_Your objective:_
Would you repeat exactly the part of the listing below that runs from the line containing "Large 19th C" down to the line containing "Measures: W262 x D34 x H75 cm.", inclusive, and nothing else?

_Data under study:_
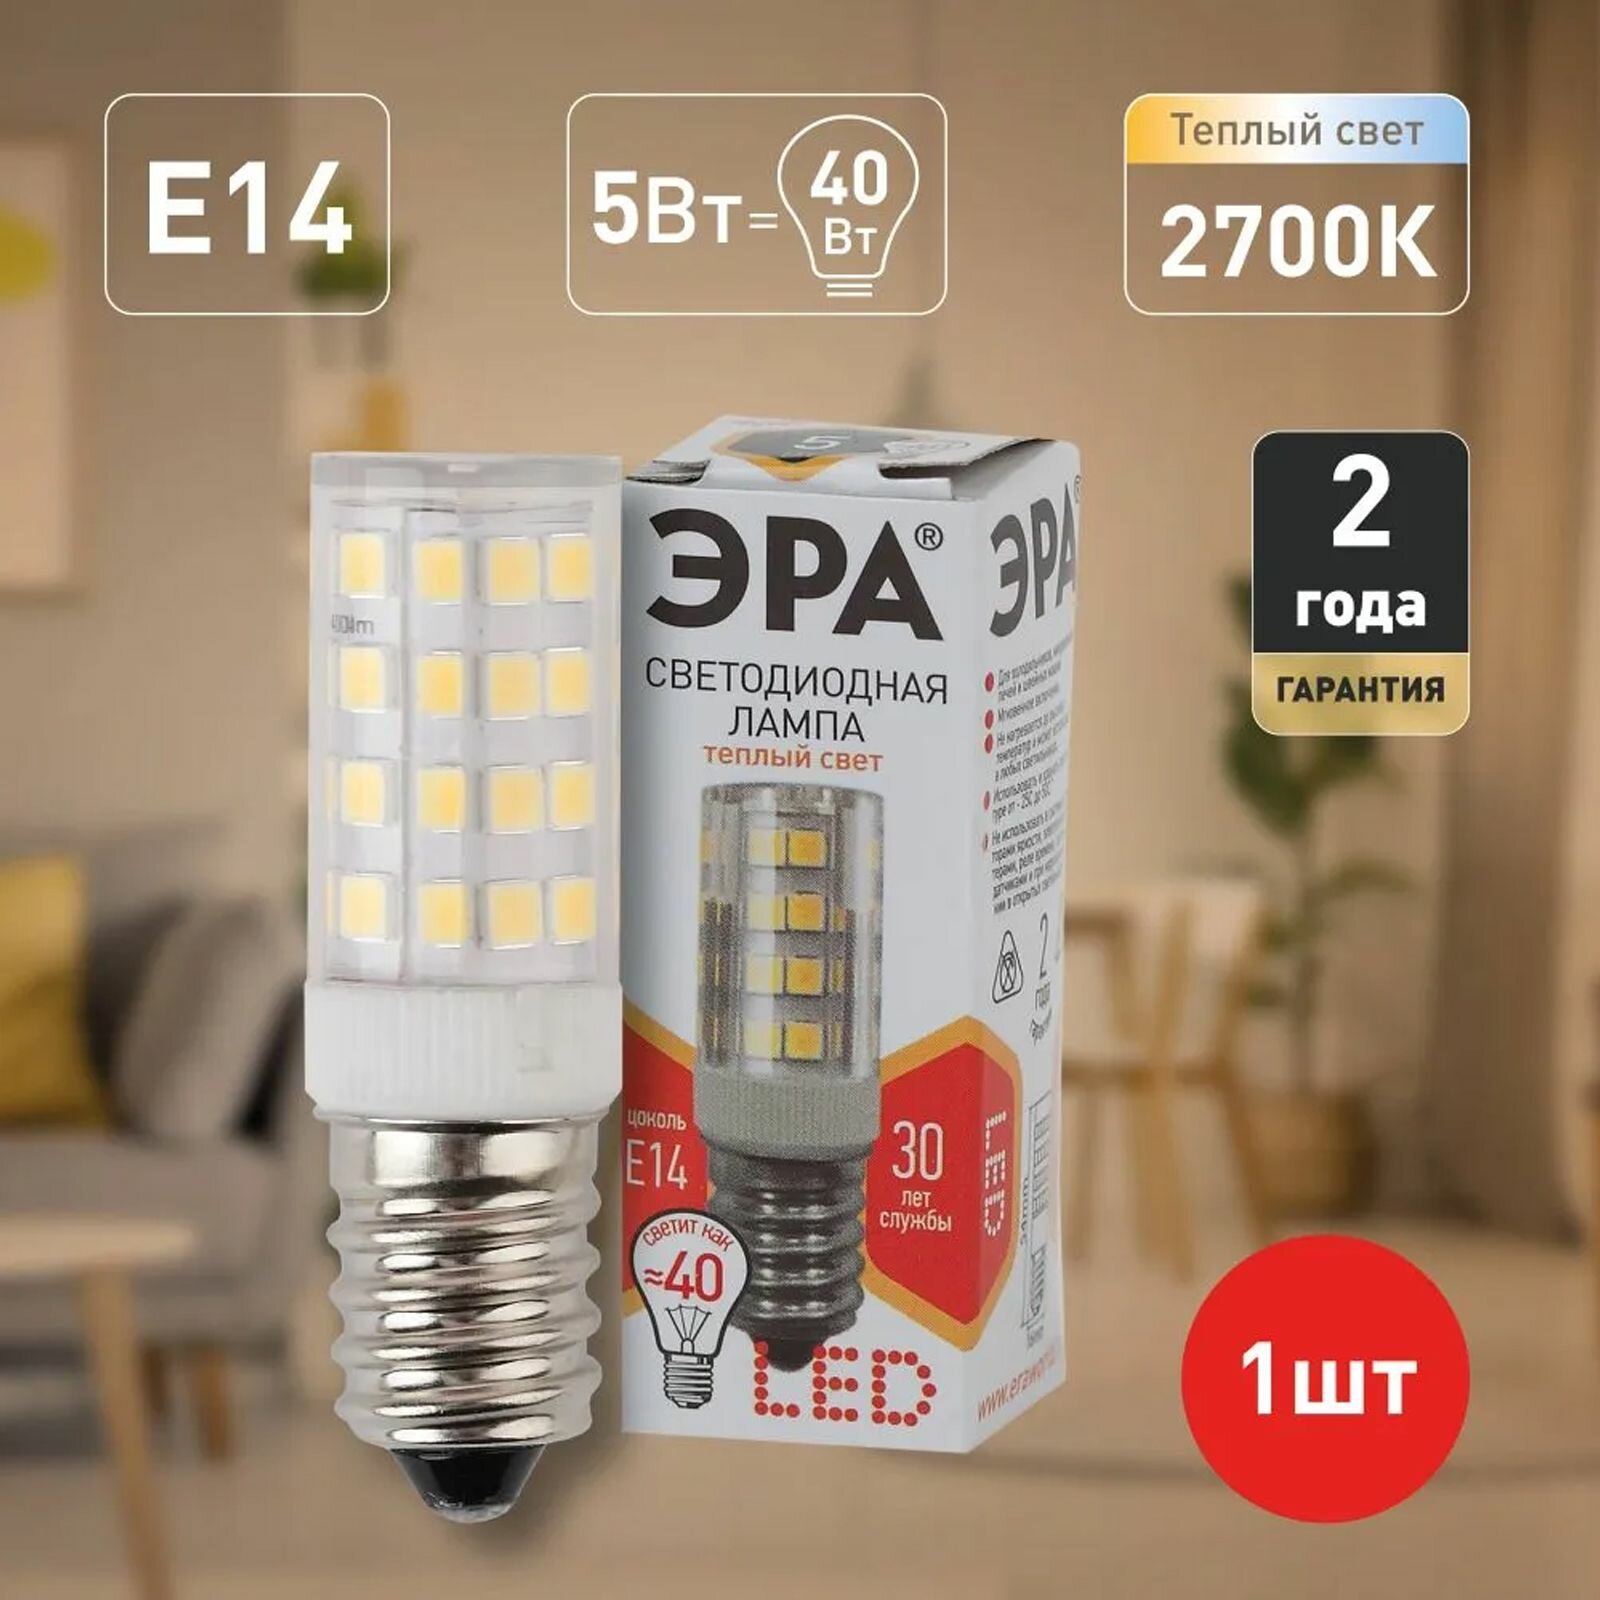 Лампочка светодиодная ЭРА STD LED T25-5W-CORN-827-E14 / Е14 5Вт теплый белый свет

* * *

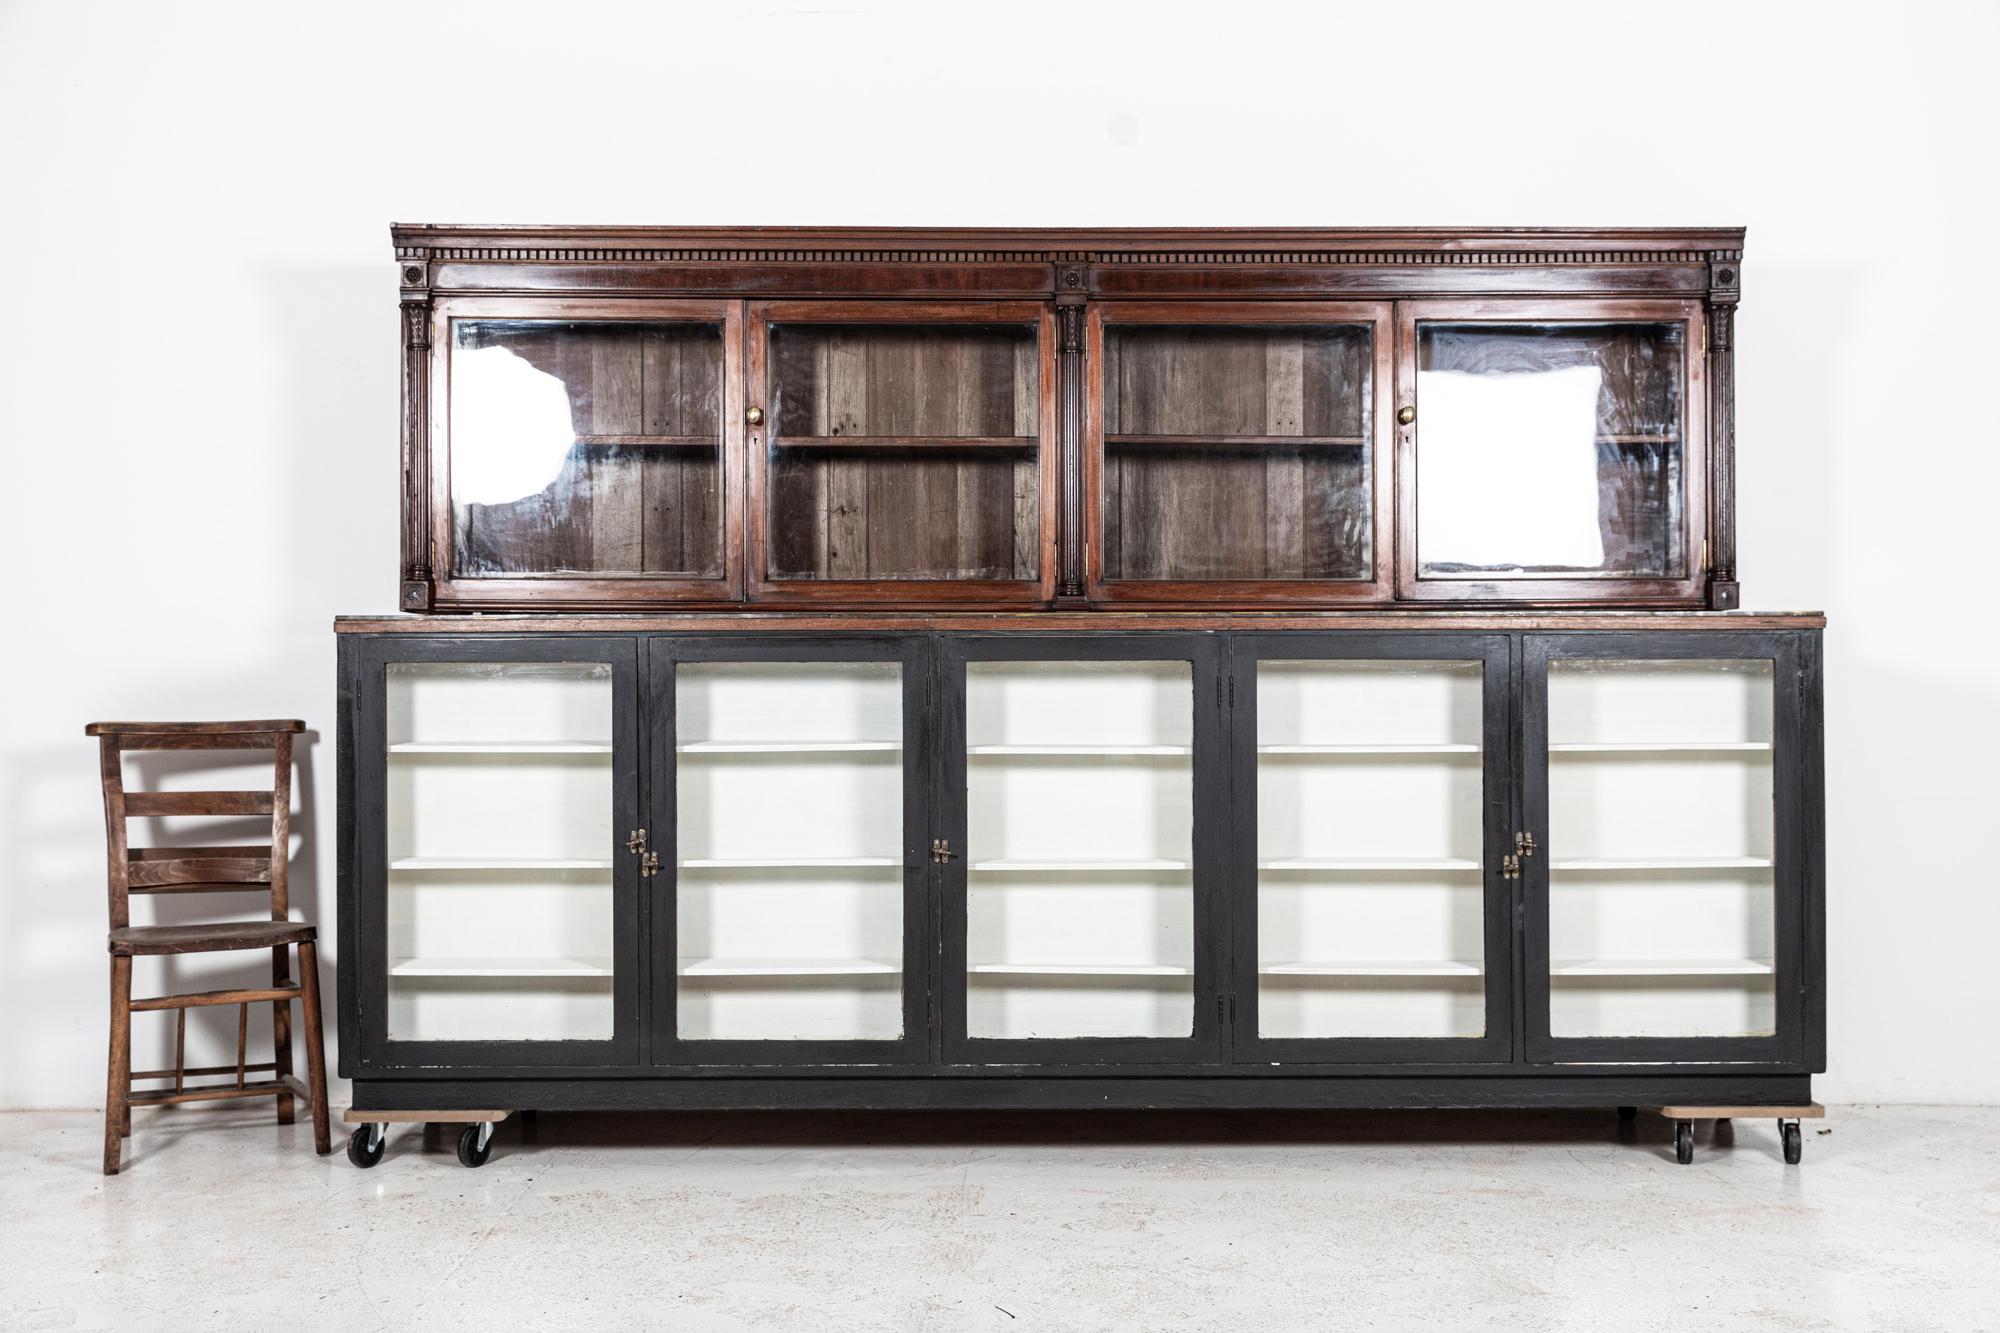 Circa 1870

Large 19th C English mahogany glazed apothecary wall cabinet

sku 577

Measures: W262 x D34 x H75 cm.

==

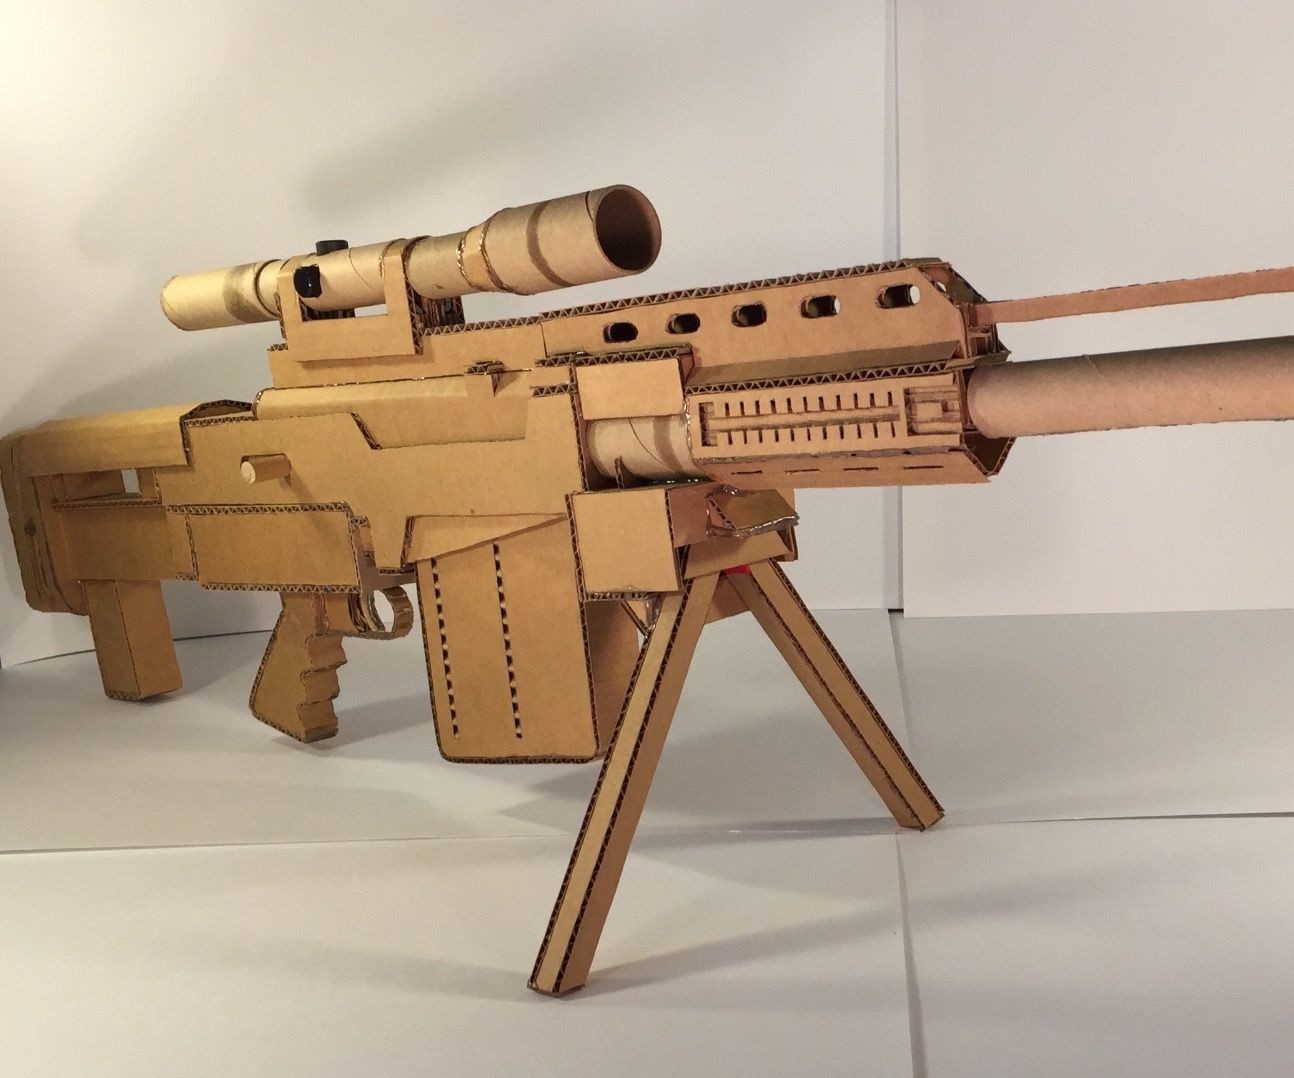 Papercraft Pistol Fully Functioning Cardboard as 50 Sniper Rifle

_Written solution:_
Large 19th C English mahogany glazed apothecary wall cabinet

sku 577

Measures: W262 x D34 x H75 cm.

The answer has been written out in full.